Metadata-Version: 2.4
Name: bitneural32
Version: 0.0.2
Summary: BitNeural32: 1.58-bit Ternary Neural Network Compiler & QAT Library for ESP32
Author-email: Aizhee <aizharjamilano@gmail.com>
Maintainer-email: Aizhee <aizharjamilano@gmail.com>
License: MIT
Project-URL: Homepage, https://github.com/Aizhee/python-bitneural32
Project-URL: Repository, https://github.com/Aizhee/python-bitneural32.git
Project-URL: Documentation, https://github.com/Aizhee/python-bitneural32/wiki
Keywords: ternary,neural-network,ESP32,bitnet,quantization,embedded-ml,qat
Classifier: Development Status :: 4 - Beta
Classifier: Intended Audience :: Developers
Classifier: Intended Audience :: Science/Research
Classifier: Topic :: Scientific/Engineering :: Artificial Intelligence
Classifier: Topic :: Software Development :: Embedded Systems
Classifier: License :: OSI Approved :: MIT License
Classifier: Programming Language :: Python :: 3
Classifier: Programming Language :: Python :: 3.9
Classifier: Programming Language :: Python :: 3.10
Classifier: Programming Language :: Python :: 3.11
Classifier: Programming Language :: Python :: 3.12
Classifier: Operating System :: OS Independent
Requires-Python: <4,>=3.9
Description-Content-Type: text/markdown
License-File: LICENSE
Requires-Dist: keras>=3.0.0
Requires-Dist: tensorflow>=2.16.0
Requires-Dist: numpy<2.0,>=1.21.0
Provides-Extra: dev
Requires-Dist: pytest>=7.0; extra == "dev"
Requires-Dist: pytest-cov>=4.0; extra == "dev"
Requires-Dist: black>=23.0; extra == "dev"
Requires-Dist: flake8>=6.0; extra == "dev"
Requires-Dist: mypy>=1.0; extra == "dev"
Provides-Extra: docs
Requires-Dist: sphinx>=5.0; extra == "docs"
Requires-Dist: sphinx-rtd-theme>=1.2; extra == "docs"
Dynamic: license-file

# BitNeural32: 1.58-Bit Ternary Neural Network Compiler for ESP32

[![PyPI](https://img.shields.io/pypi/v/bitneural32.svg)](https://pypi.org/project/bitneural32/)
[![License: MIT](https://img.shields.io/badge/License-MIT-yellow.svg)](https://opensource.org/licenses/MIT)
[![Python 3.9+](https://img.shields.io/badge/python-3.9+-blue.svg)](https://www.python.org/downloads/)

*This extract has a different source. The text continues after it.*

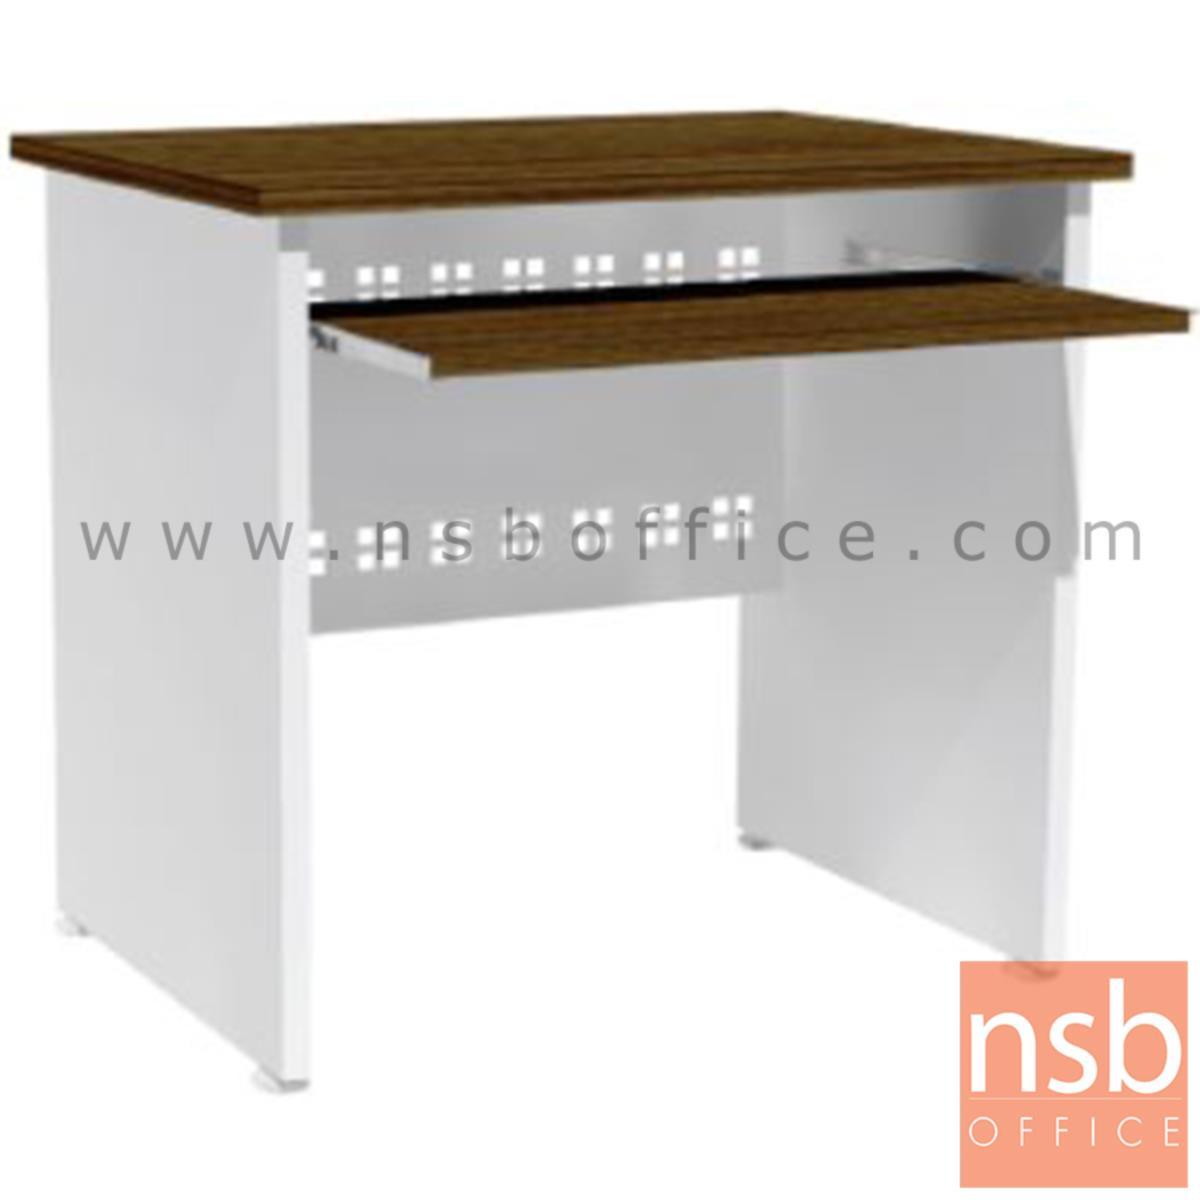 A34A026:โต๊ะคอมพิวเตอร์  รุ่น Luxyl (ลูซิล) ขนาด 80W cm. พร้อมรางคีบอร์ด บังโป๊เหล็ก สีซีบราโน่-ขาว

A Python library for training, quantizing, and compiling neural networks to ultra-efficient 1.58-bit (ternary) format for deployment on ESP32 microcontrollers.

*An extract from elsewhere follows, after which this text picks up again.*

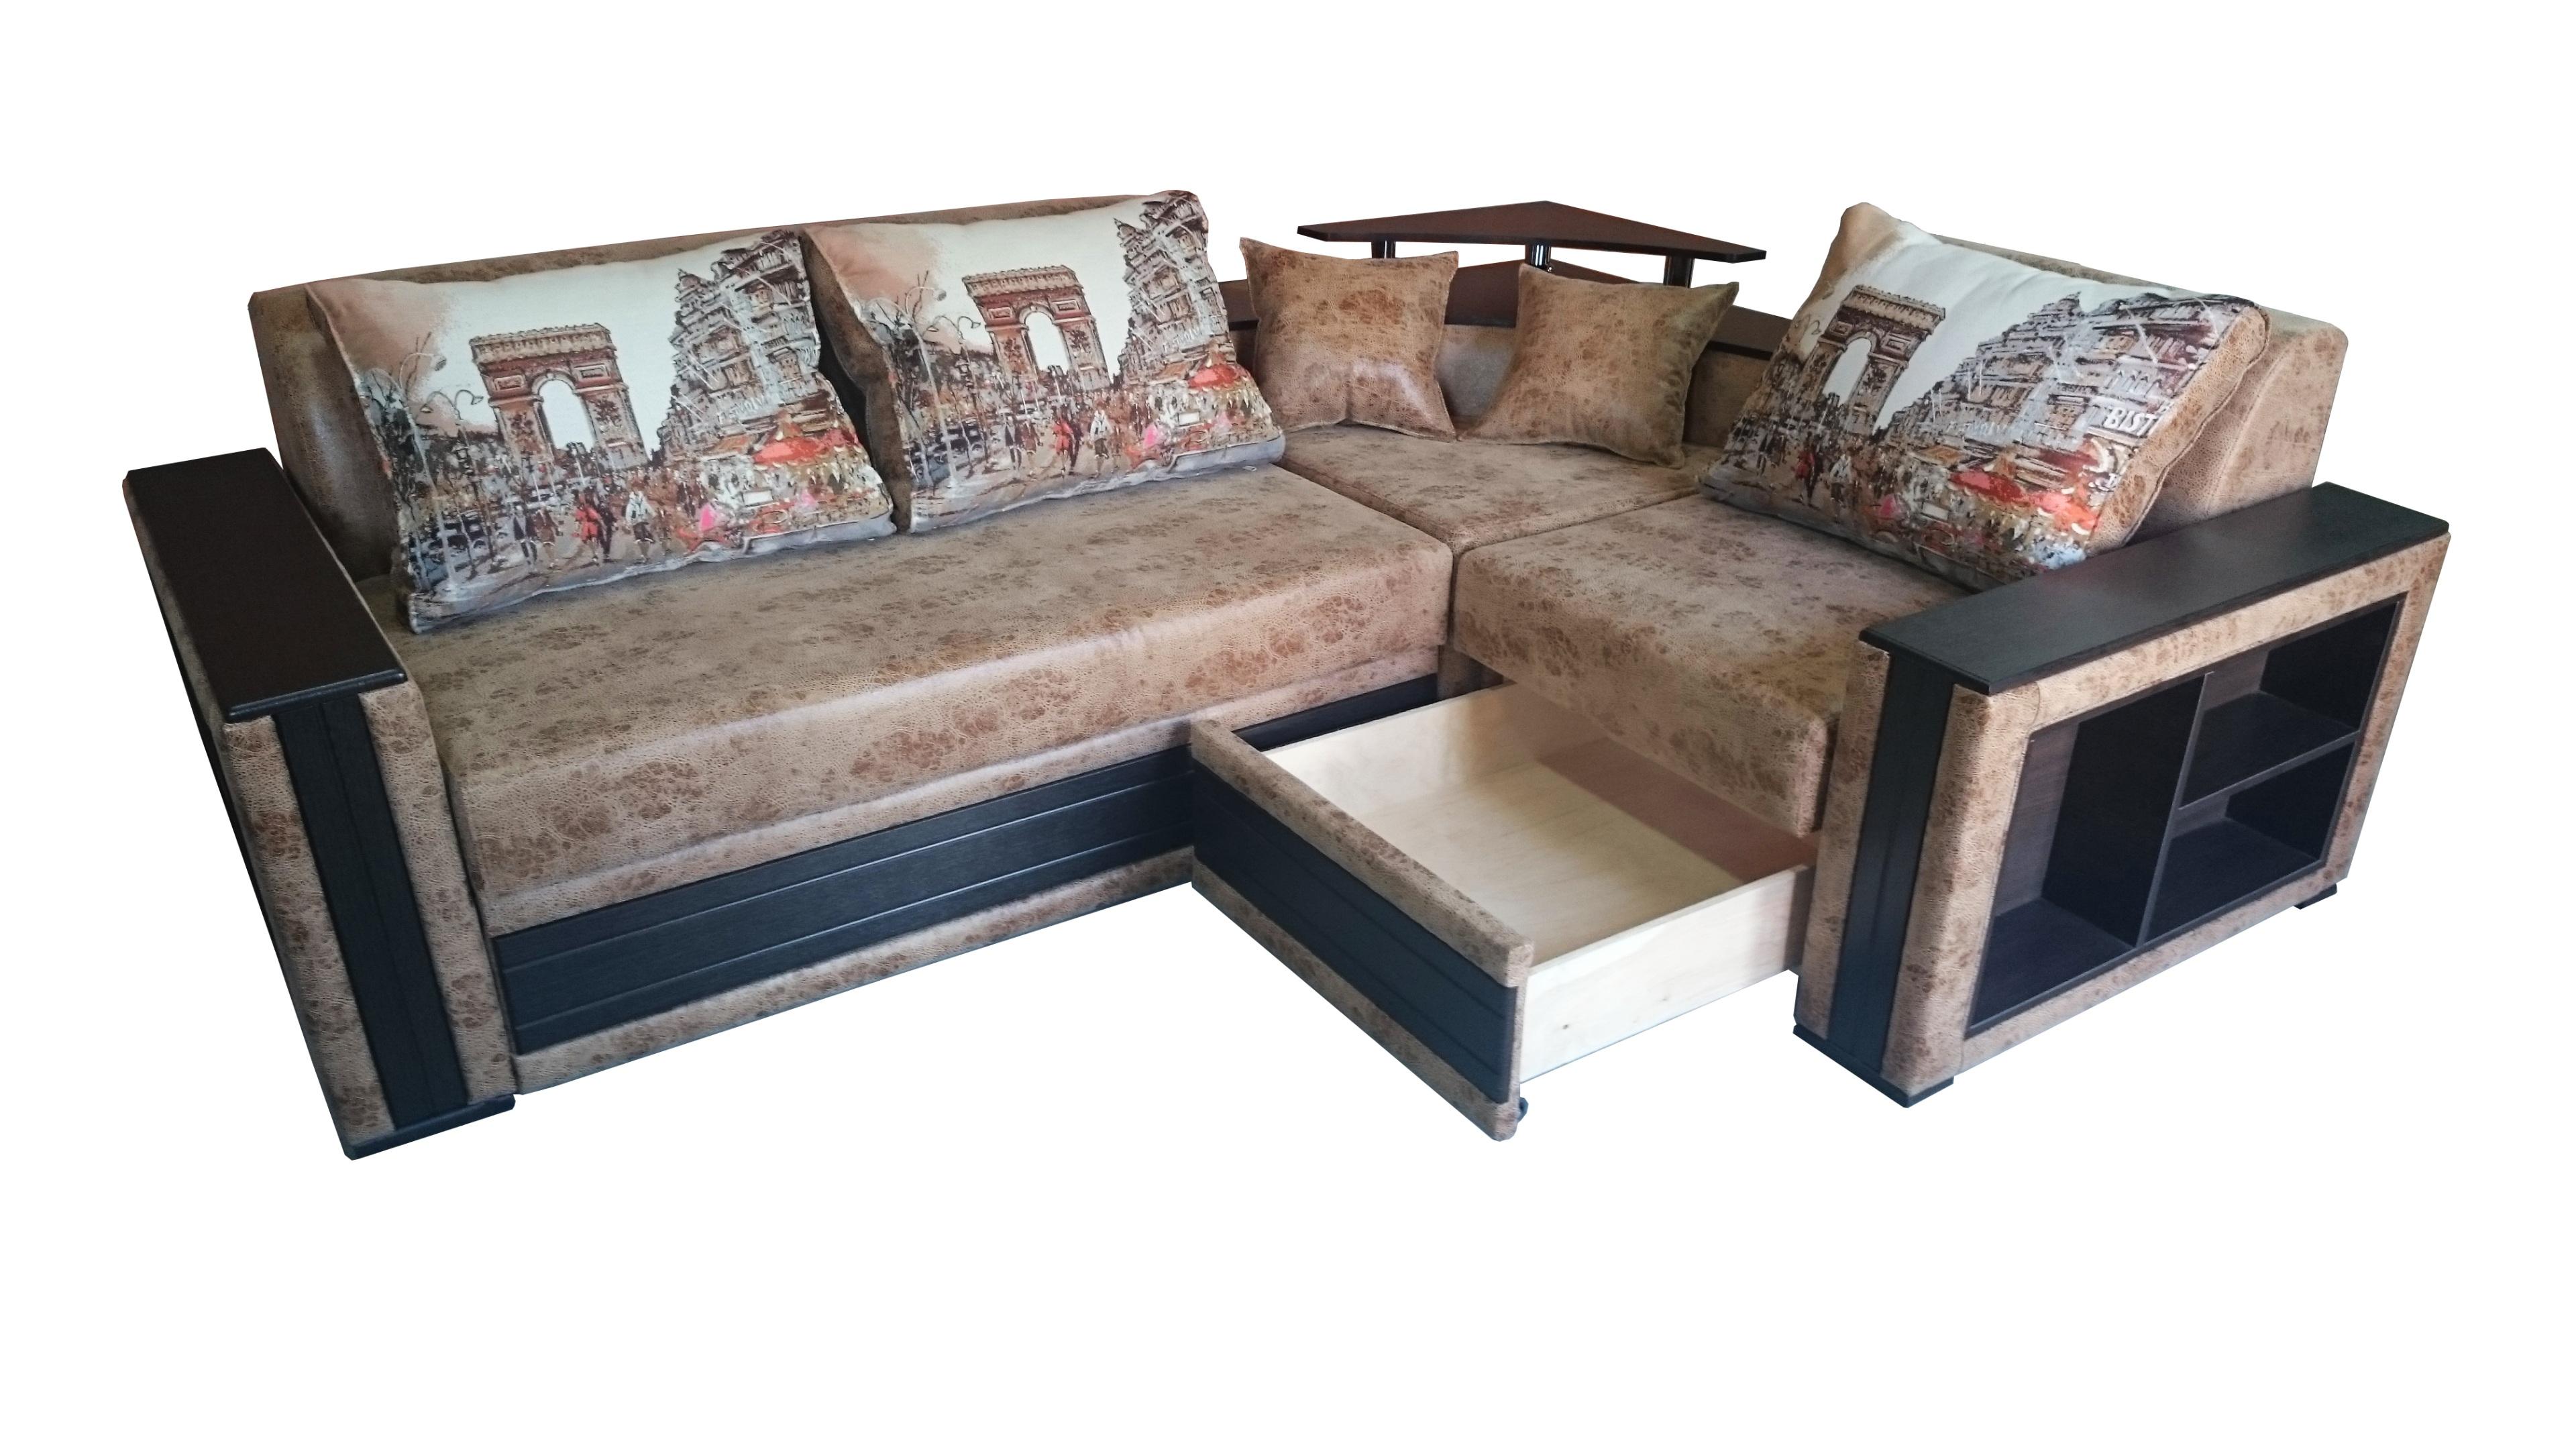 Fotos gratis : mesa, interior, foto, bar, marrón, sala, caja, mueble ...

> See also: [BitNeural32 Inference Library](https://github.com/aizhee/arduino-bitneural32)

## Features

**1.58-Bit Quantization**: Extreme compression—weights packed as 2-bit values (4 weights per byte) using ternary {-1, 0, 1}

**Quantization-Aware Training (QAT)**: Custom Keras layers that apply quantization during training for better post-export accuracy

**Production-Ready Compiler**: Convert Keras models to optimized C bytecode with automatic weight flattening, packing, and metadata generation

**Inference Metrics**: Estimate inference time, RAM usage, and Flash size for different ESP32 variants (ESP32, ESP32-S3, ESP32-C3)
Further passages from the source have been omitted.